YOUR INSTRUCTIONS: Transcribe the listing that follows in full, exactly, and drop its images.

DATASET EXTRACT:

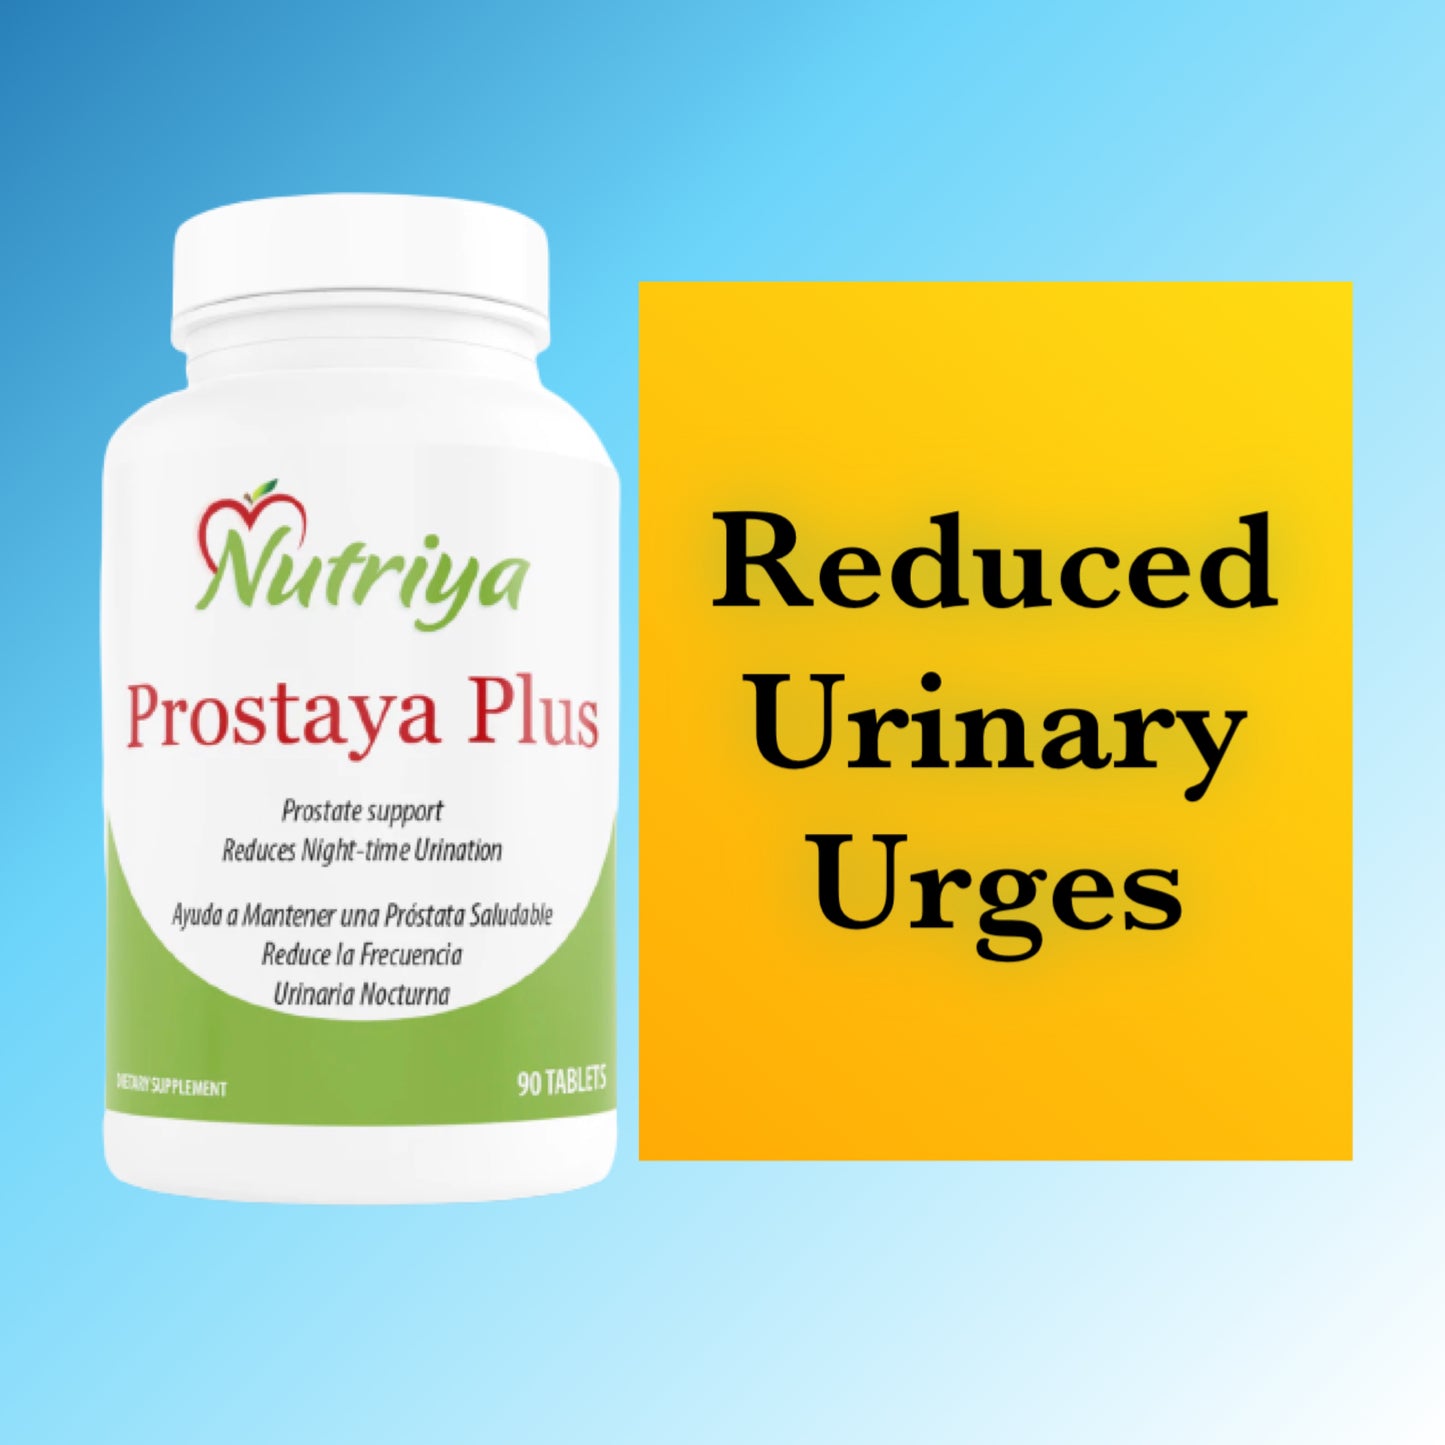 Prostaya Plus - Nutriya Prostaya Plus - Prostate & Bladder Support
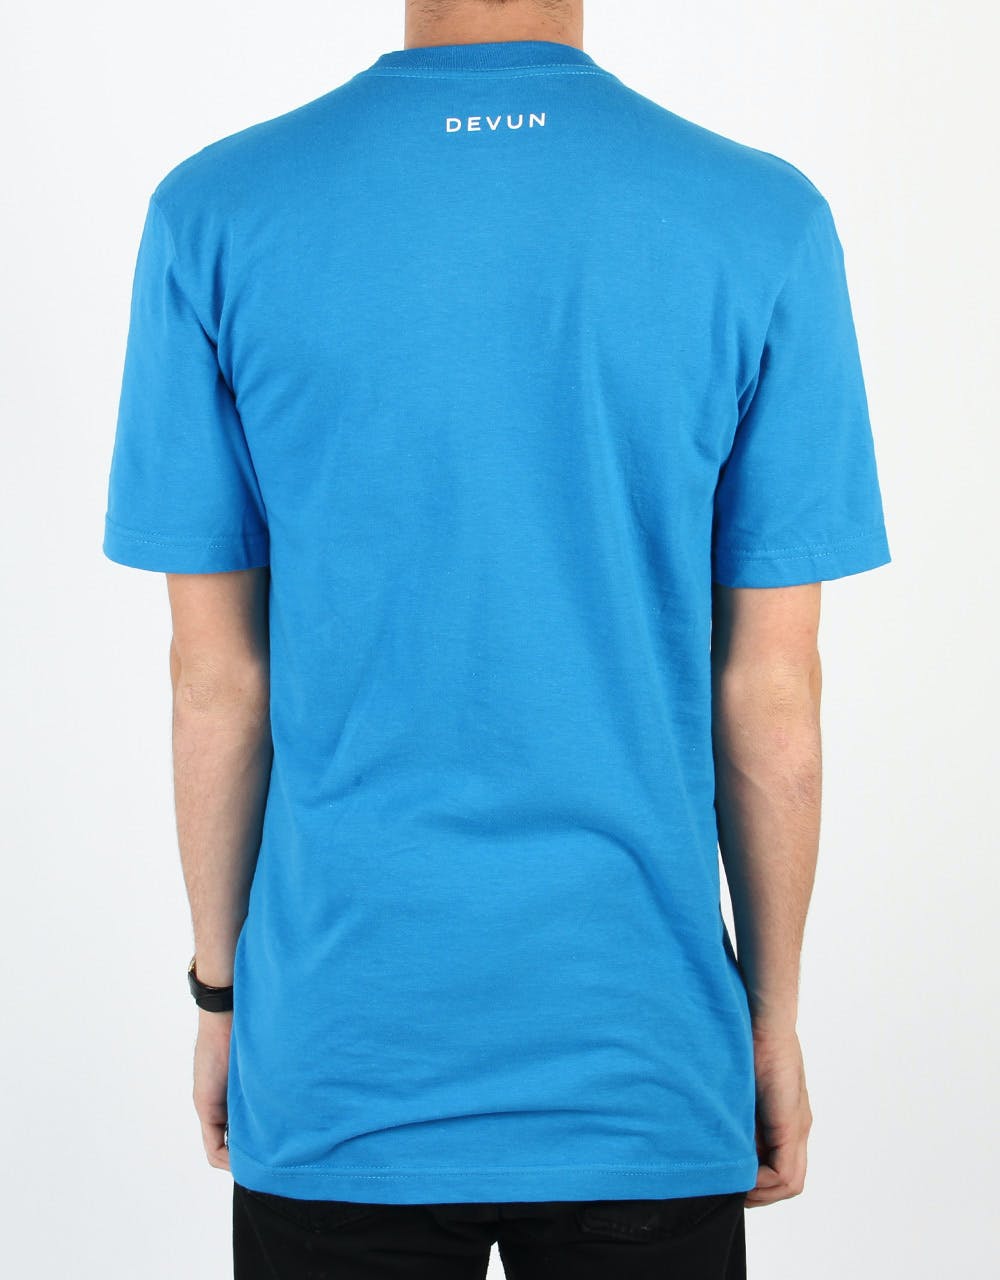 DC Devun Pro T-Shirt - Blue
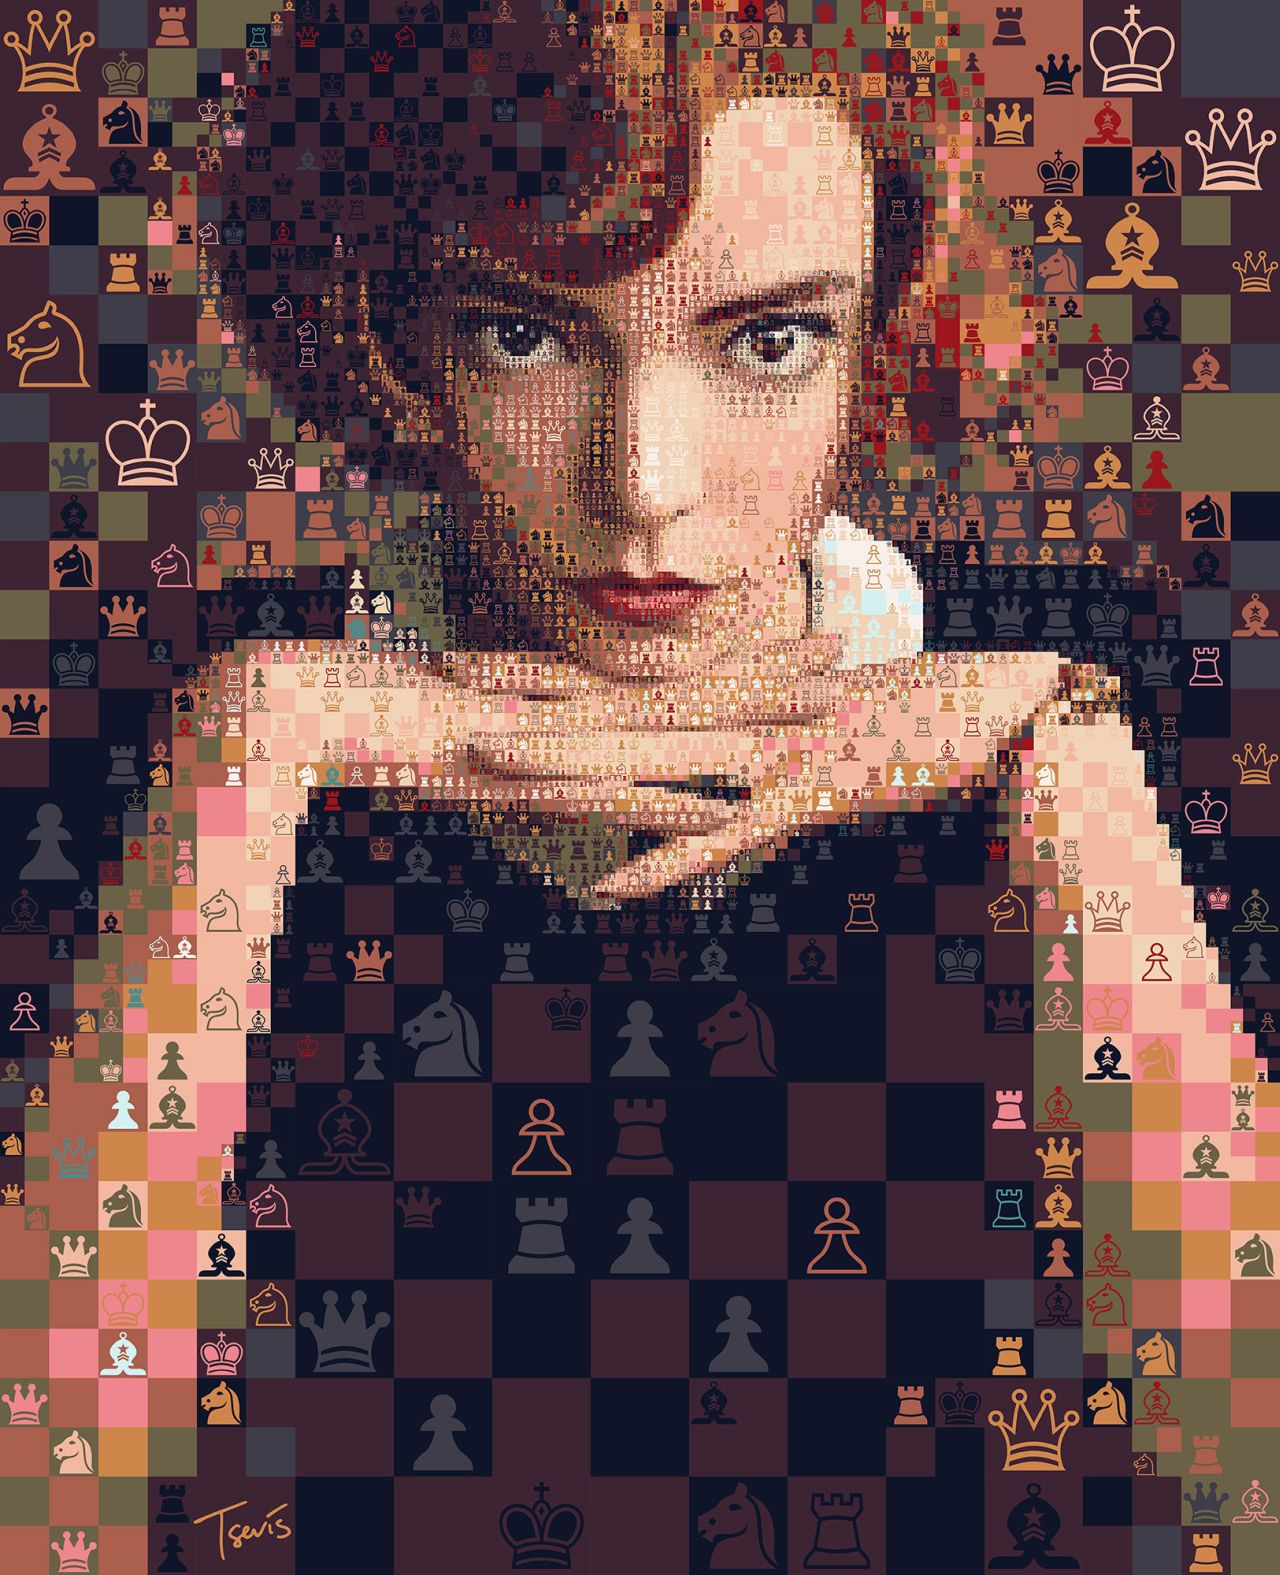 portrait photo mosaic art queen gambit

SOLUTION FOR THIS PROBLEM:
 Prostaya Plus - Nutriya Prostaya Plus - Prostate & Bladder Support
 DC Devun Pro T-Shirt - Blue
 portrait photo mosaic art queen gambit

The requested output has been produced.